Cuts to pain research also coincide with steep reductions in federal climate research funding.
This year, the number of geoscience grants awarded by the National Science Foundation, which often fund meteorology and climate science, have dropped by 35 percent relative to the yearly average over the last decade. And with the Trump administration targeting federal climate science with budget cuts, staff reductions and the removal of data from federal websites, getting funding from Washington for research at the intersection of global warming and pain is virtually impossible.
As questions about their continued suffering go unanswered by government-supported research, Barbarin said many disabled people are leaning on one another, and using each other’s anecdotes to better understand their conditions. Online forums, like Reddit, provide critical community spaces. The r/ChronicPain subreddit has been around since 2009, and has 87,000 weekly visitors with 4,600 weekly global contributors who often discuss their struggles with their conditions. The number of posts about weather-triggered pain have ticked steadily upwards over the past three years.

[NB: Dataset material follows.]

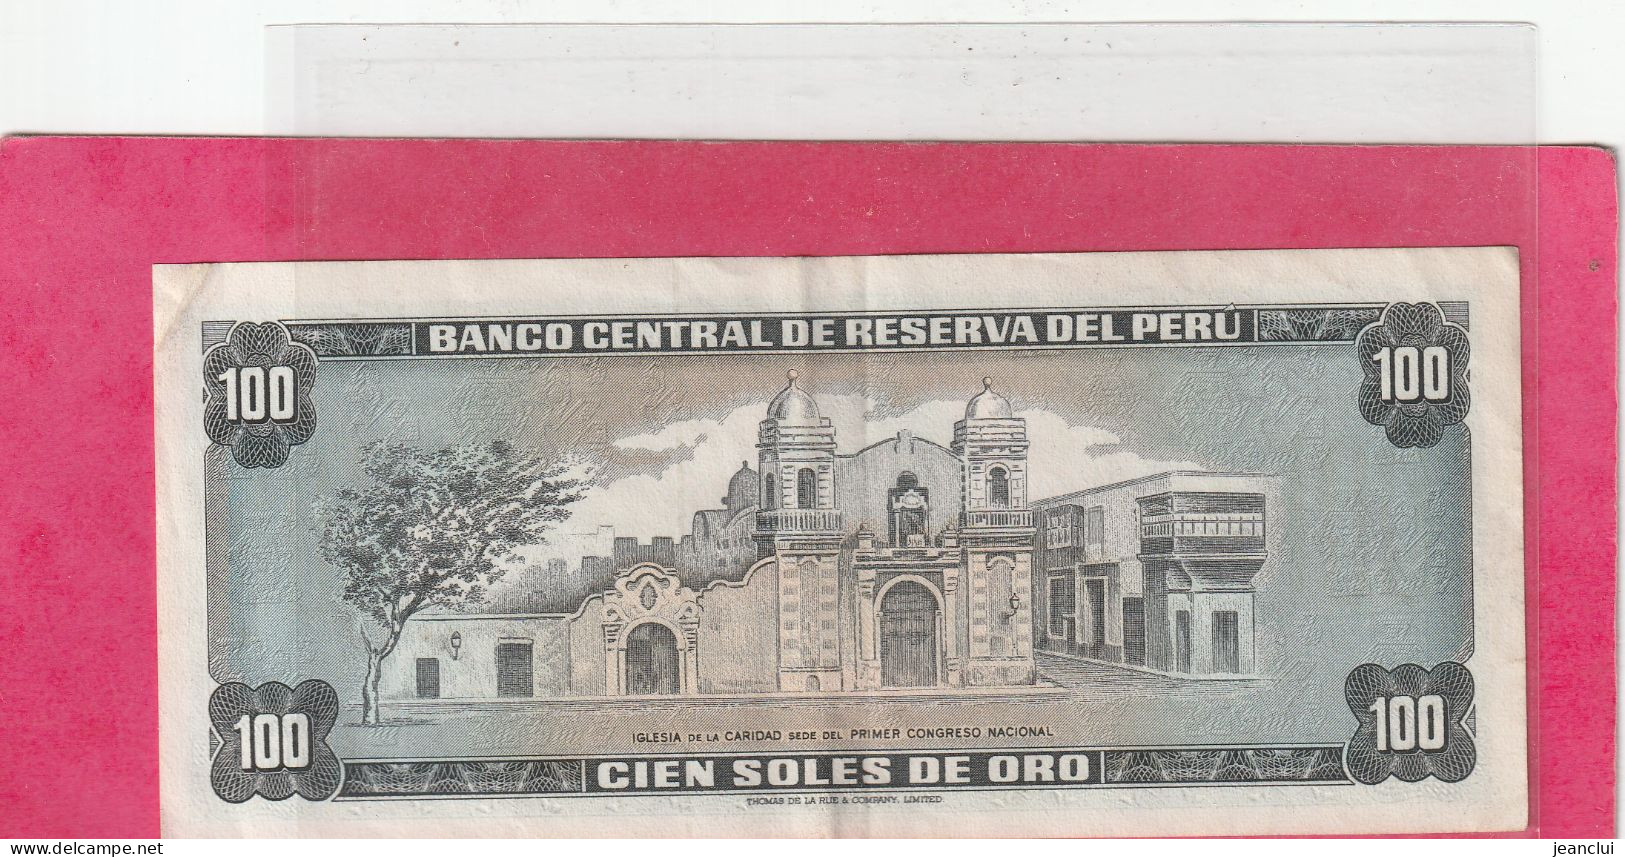 BANCO CENTRAL DE RESERVA DEL PERU .  100 SOLES DE ORO  .  16 DE MAYO DE 1974  . N°  G 121495 .  2 SCANNES  .  BEL ETAT - Peru

“It’s weirdly comforting to realize I’m not alone in this, but also frustrating how much control the weather seems to have over my body,” one contributor wrote. “It’s like a predicting super power,” another user responded about their chronic pain.
For now, sharing their experiences with one another might be the most reliable way forward.
“When you have something that is a lot unknown, that means you have to live and make your life work while you’re waiting for the science to catch up,” Gibson said.